■ **Work instruction**
Take the line that contains "愛上台式早餐:台灣控的美味早餐特輯╳日本重現經典早餐食譜" and each one after it through the last line below, and retype them exactly. Leave out the pictures.

■ **Data below**
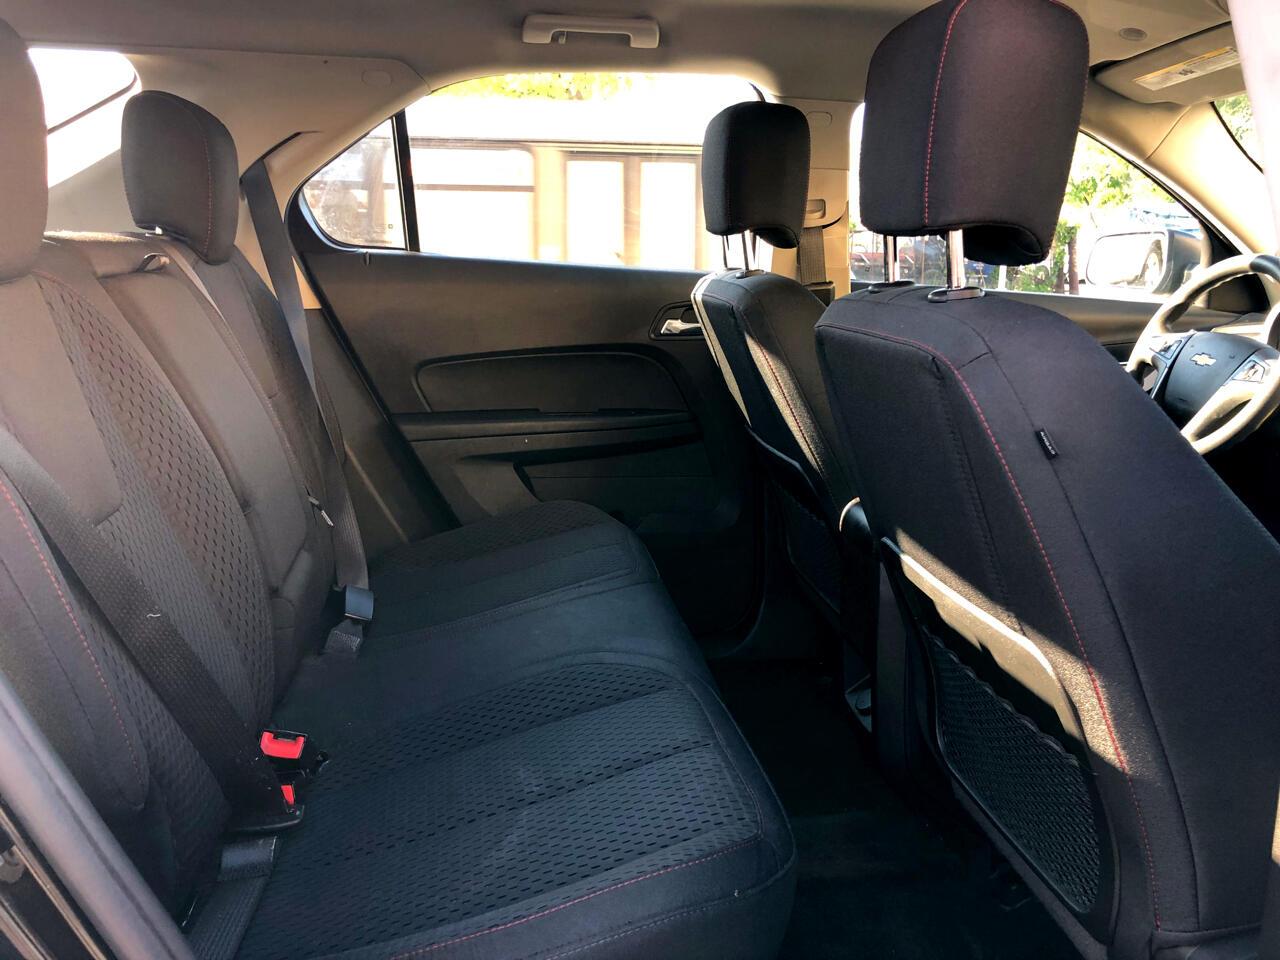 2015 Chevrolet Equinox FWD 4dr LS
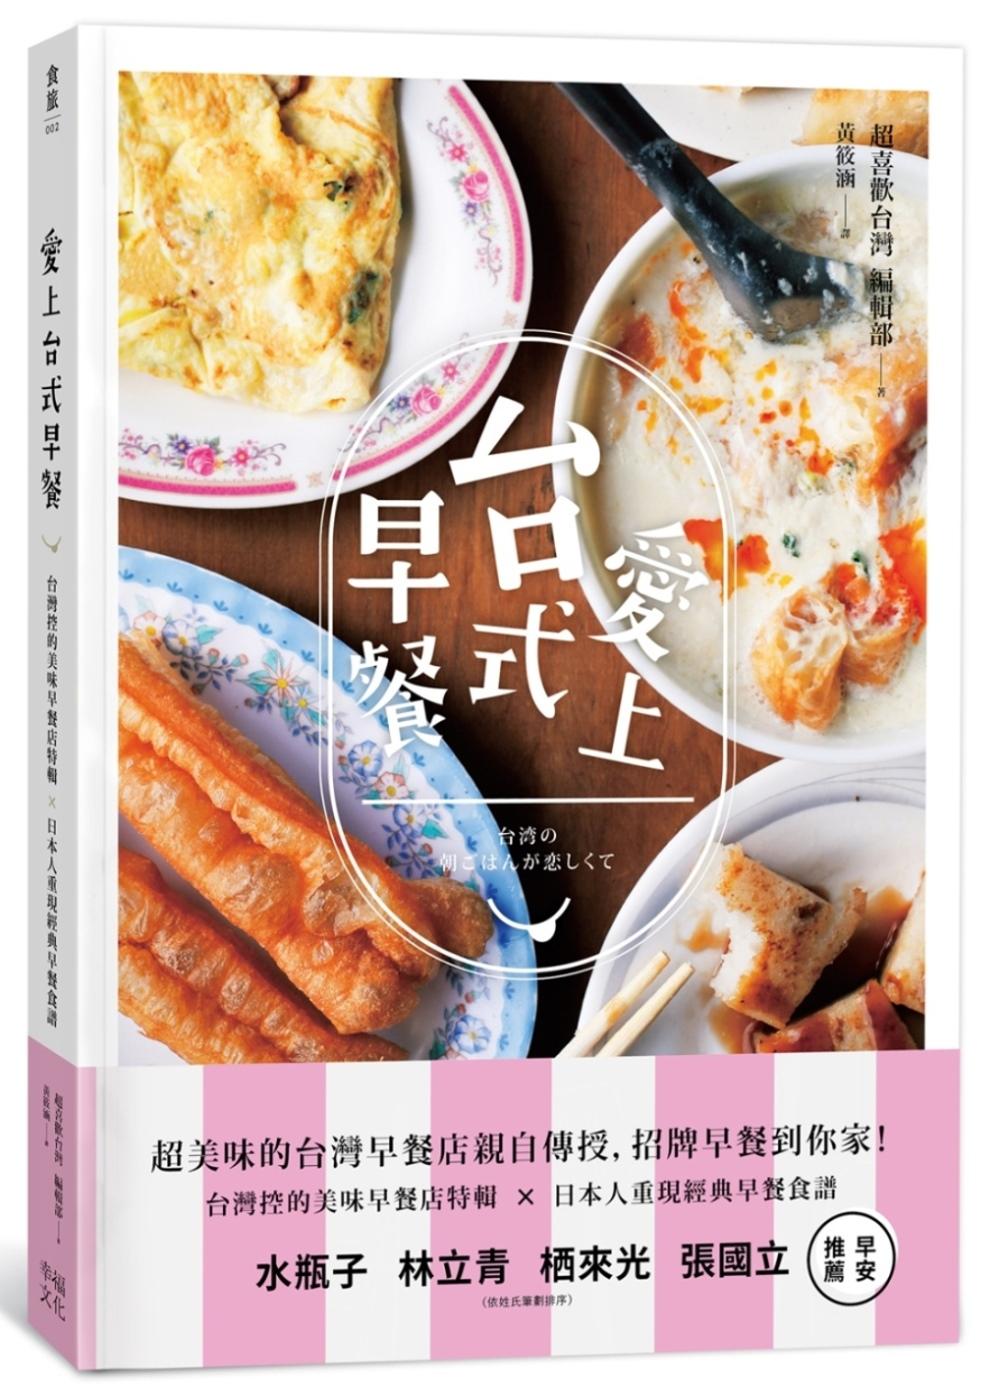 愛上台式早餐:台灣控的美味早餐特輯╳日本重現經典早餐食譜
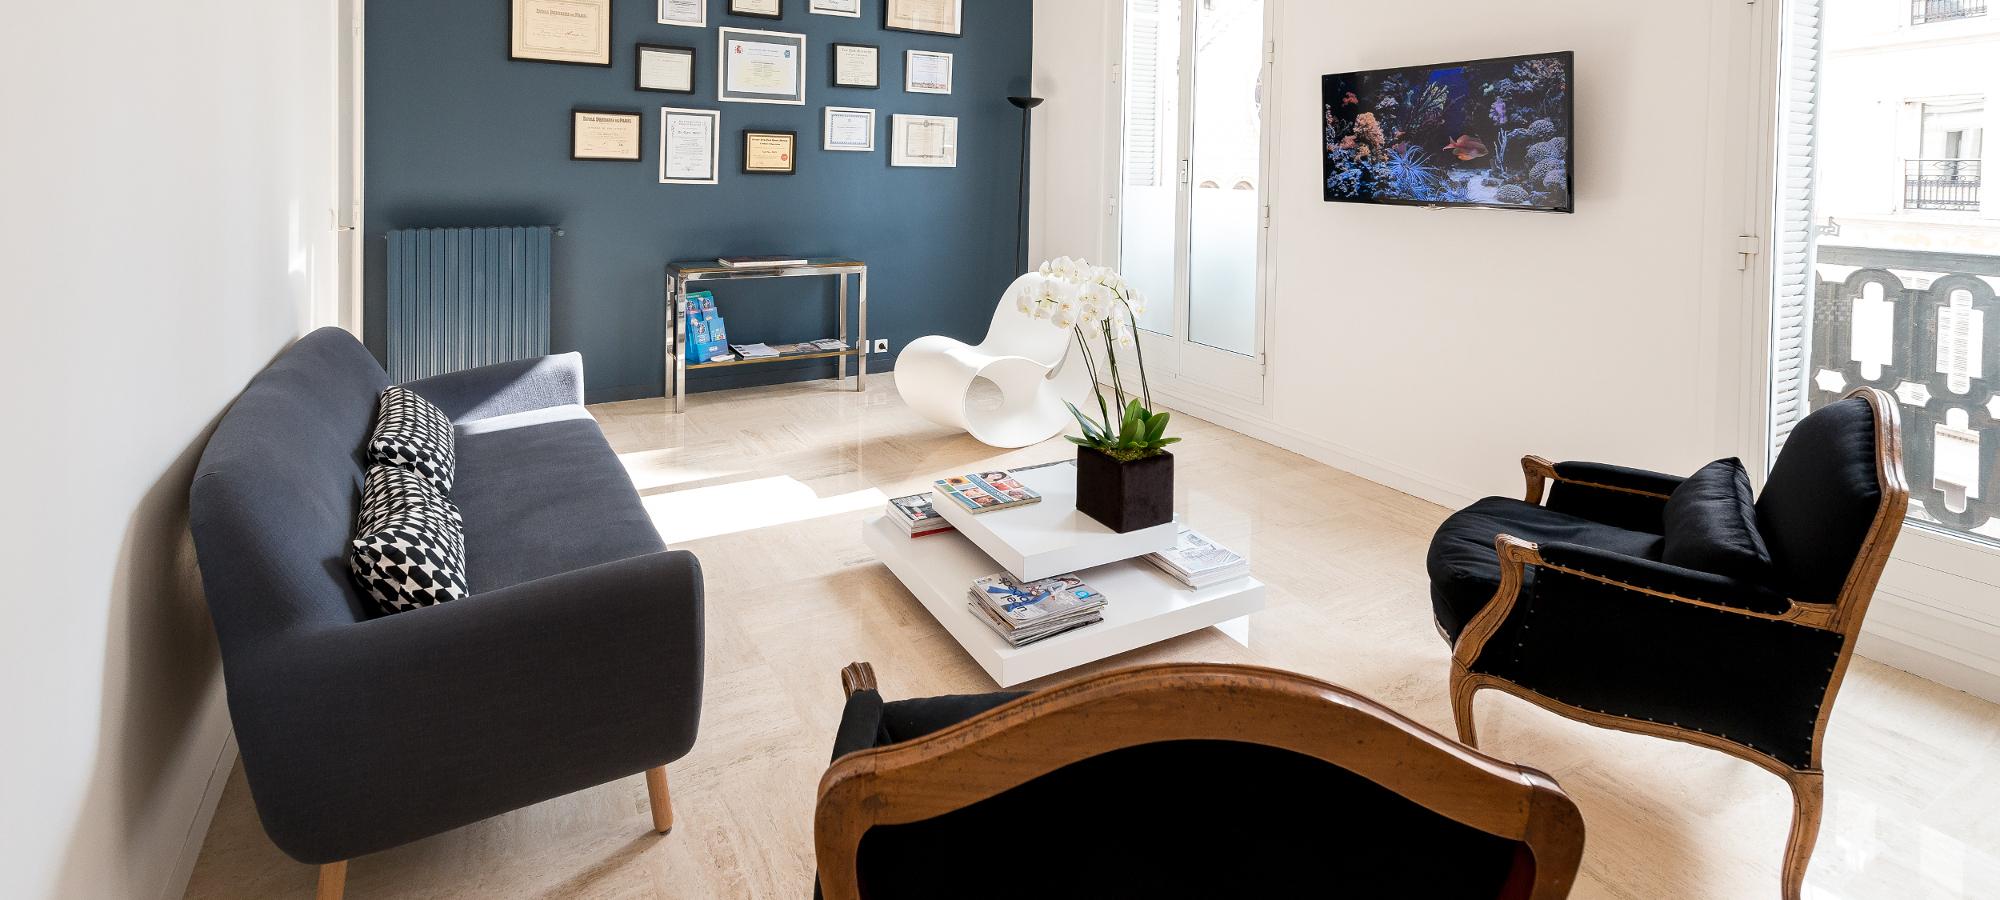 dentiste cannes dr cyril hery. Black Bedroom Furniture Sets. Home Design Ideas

■ **Result below**
 愛上台式早餐:台灣控的美味早餐特輯╳日本重現經典早餐食譜
 dentiste cannes dr cyril hery. Black Bedroom Furniture Sets. Home Design Ideas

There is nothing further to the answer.